Ok, wow... I rephrase my last comment to can you be my husband incognito? Pretty please? Someone who is comfortable enough to admit not being enough sexually and saying ok... go get it bc I trust you will come back to me. I think you trust more than you know if you are able to feel this way. Id be more than happy to share my cheating moments... Dear Playboy, I was reading a magazine in a field of flowers and a man snuck up behind me and without saying a word, lifted my skirt and........oh, it was fun I knew this man in the story, obviously... or Im lucky I didnt get murdered on site in a place no one would find me for a week (thats about how often the place mows that tall grassy field)... Husband would never do that And he is ok with letting me die not having the experiences I fantasized about... little does he know that i have done some since he wouldnt. hey, he got to do ALL his fantasies, bc I was willing.


----------



## RandomDude (Dec 18, 2010)

Well the missus has fantasies, so do I. Personally sometimes I even dream of having some orgy fun with her and our mates, and I still have a very strong exhibitionist side to me. Still remember the one time we did a nude photo shoot together and hell I had to excuse myself after watching her pose nude in front of someone else lol

However, she's a been-there-done-that type of woman, and wants to settle down. Her fantasies include breaking me, and it seems she's always trying to break me someway or another, as I tend to have a hardened heart at times. One fantasy she already forfilled without my consent and that was sexual torture and rape, making me ban cuffs and restraints for years, now she wants me to trust her again - yet she tells me she has this fantasy of doing me up my butt.

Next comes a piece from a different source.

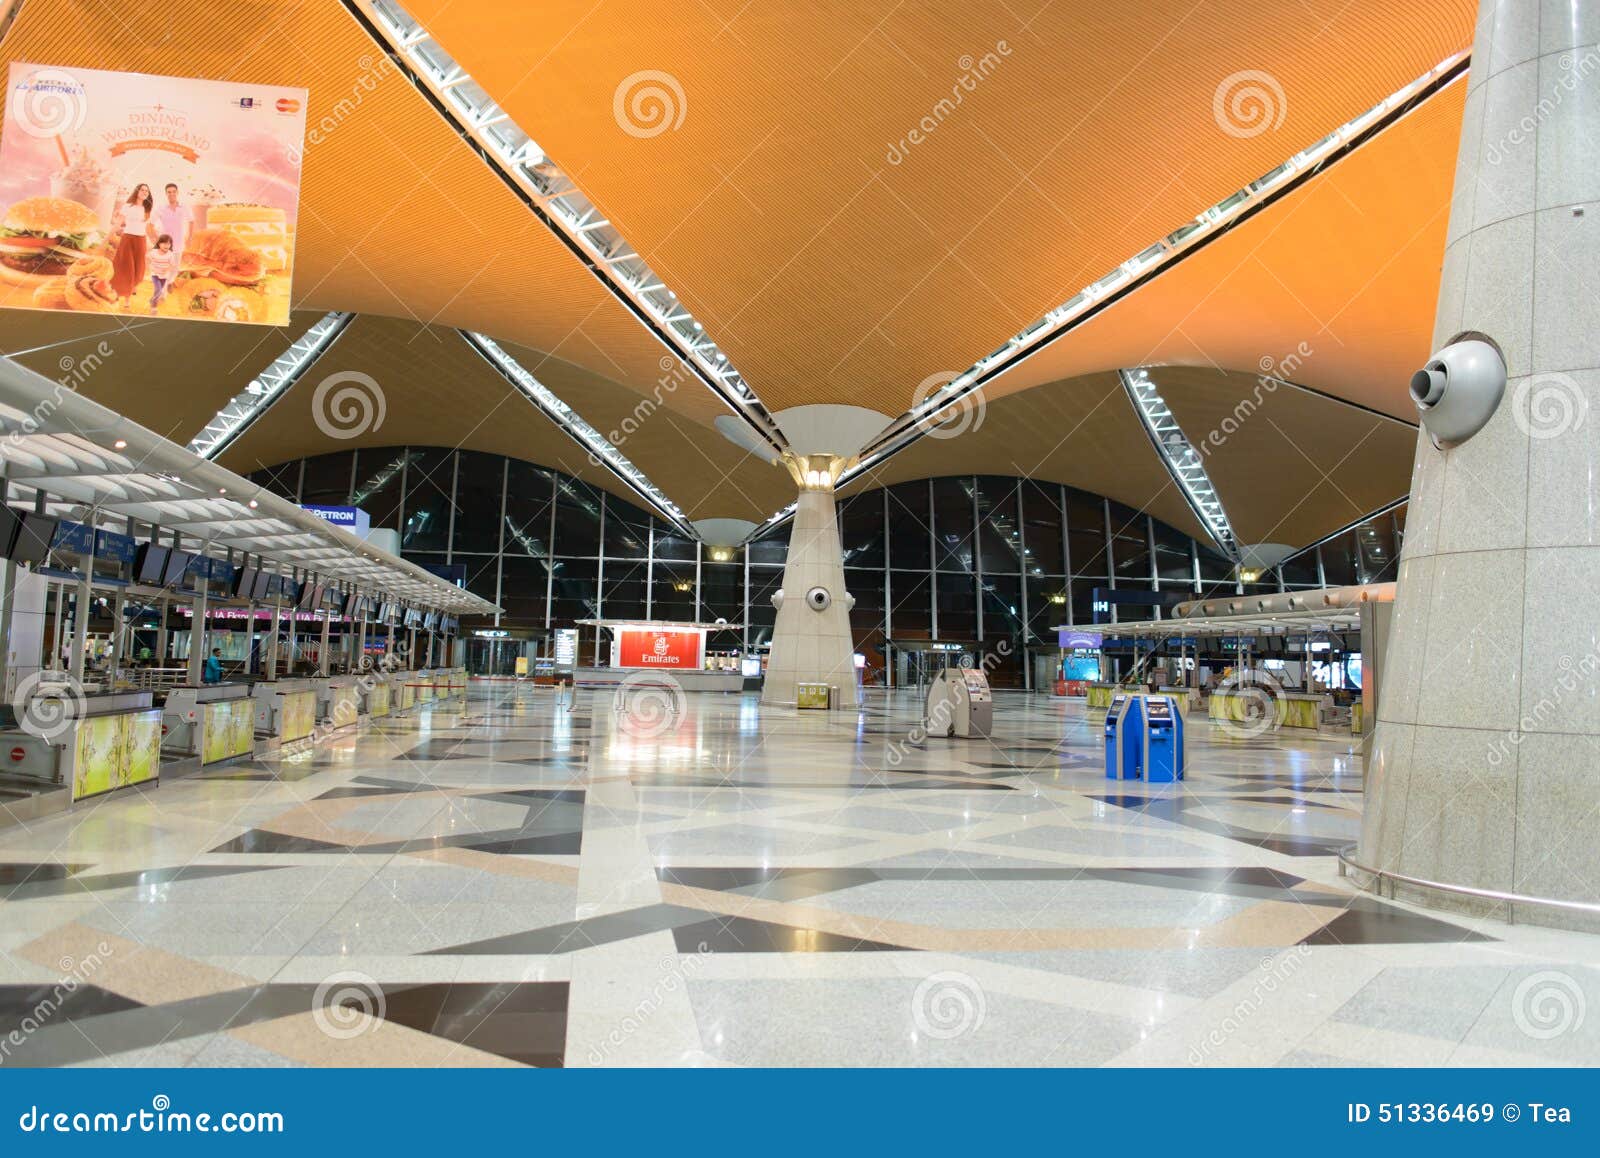 【机场贵宾室】 吉隆坡国际机场第二航站机场贵宾室 Wellness Spa at Level 3 KLIA2 International ...

I've asked her to outsource, she hit me. Then I asked her why didn't she do it when she was younger if she liked it so much and she tells me that she only developed it with me... =/ (which is disturbing, apparently she has this side of hers which makes her want to break spirits, she will never break mine however) So we're at a stalemate in fantasies, I won't let her ram me up my ass nor will she f--k someone else.

She was better however when we first met, we f--ked in front of others and had them cheering us on even lol. But now she's a good girl since marriage bah! No fun 

Also... to be honest though, one reason I do not really enjoy sex with her is the routine. Without a tease or buildup it's meh to me. She seems perfectly fine with having me despite me trying to get away especially in the mornings when I have to work. Sure, we don't have to do exhibitionism or sharing each other with others, but she can at least give me a tease (and so far she's promised she will try... but after both sessions today, meh)

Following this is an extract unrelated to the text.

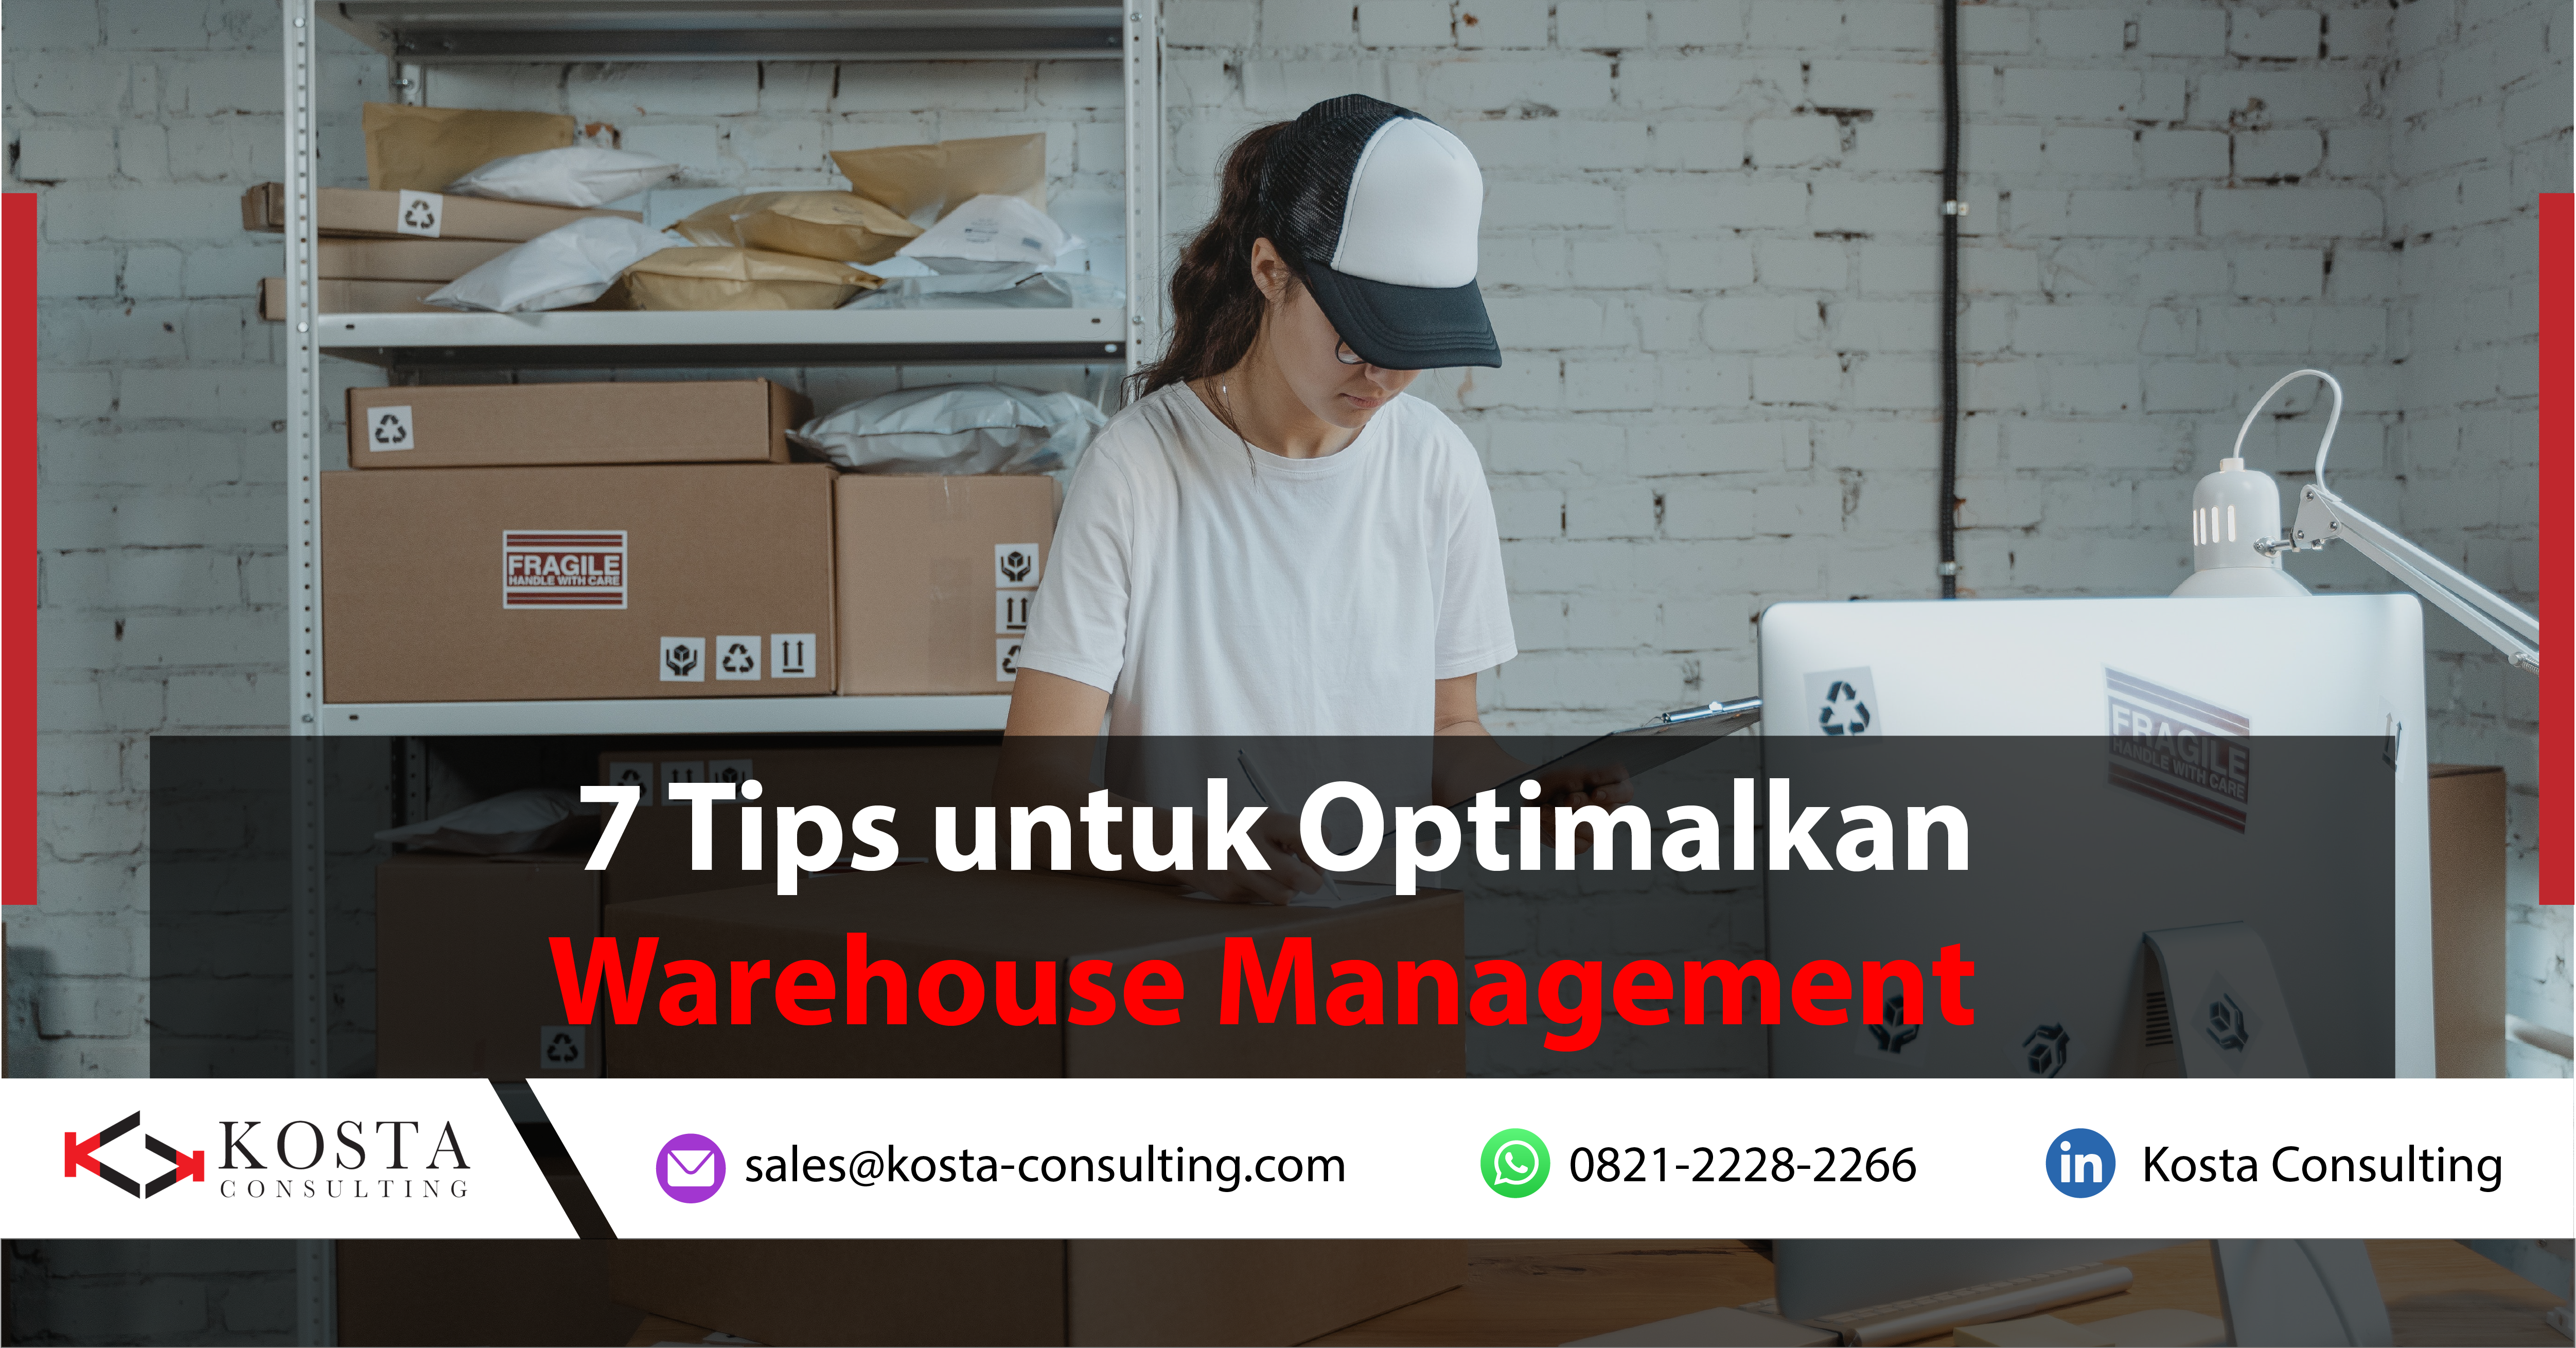 7 Tips untuk Optimalkan Warehouse Management

But hell if we go out and if she just wears no panties and lets me show her off hell I'll be willing to go back to f--king her 21x a week.


----------



## nicole8125 (Nov 17, 2011)

that last comment about u showing her off, um what the hell???? u seem like u have 0 respet 4 her. or maybe i took it the wrong way? i would NEVER b willing 2 share what is mine, NEVER!! maybe cuz i am jealous or selfish when it mesto him, but i gues it is what it is.
_Posted via Mobile Device_


----------



## RandomDude (Dec 18, 2010)

Yes, that's how the missus feels too about exhibitionism/sharing, so it's just fantasies now, and it's just the same as her violating me - it won't happen, and we're on that stalemate.

I don't need to rely on just fantasies however, I can, and have relied on pure exclusive sex with my wife, however... I believe in the quality of the sessions, to drive her mad in estasy. But I can't do it all the time, and personally I don't know why she even prefers half-ass f--ks as unlike me - she prefers quantity.


----------



## MrK (Sep 2, 2010)

RandomDude said:


> 2) Sex
> 
> The same old BS, meh... she wants more intimacy and commitment from me, *twice a day*. I swear... seriously, I'm having enough of this. *Well at least it's a drop from 3x.*..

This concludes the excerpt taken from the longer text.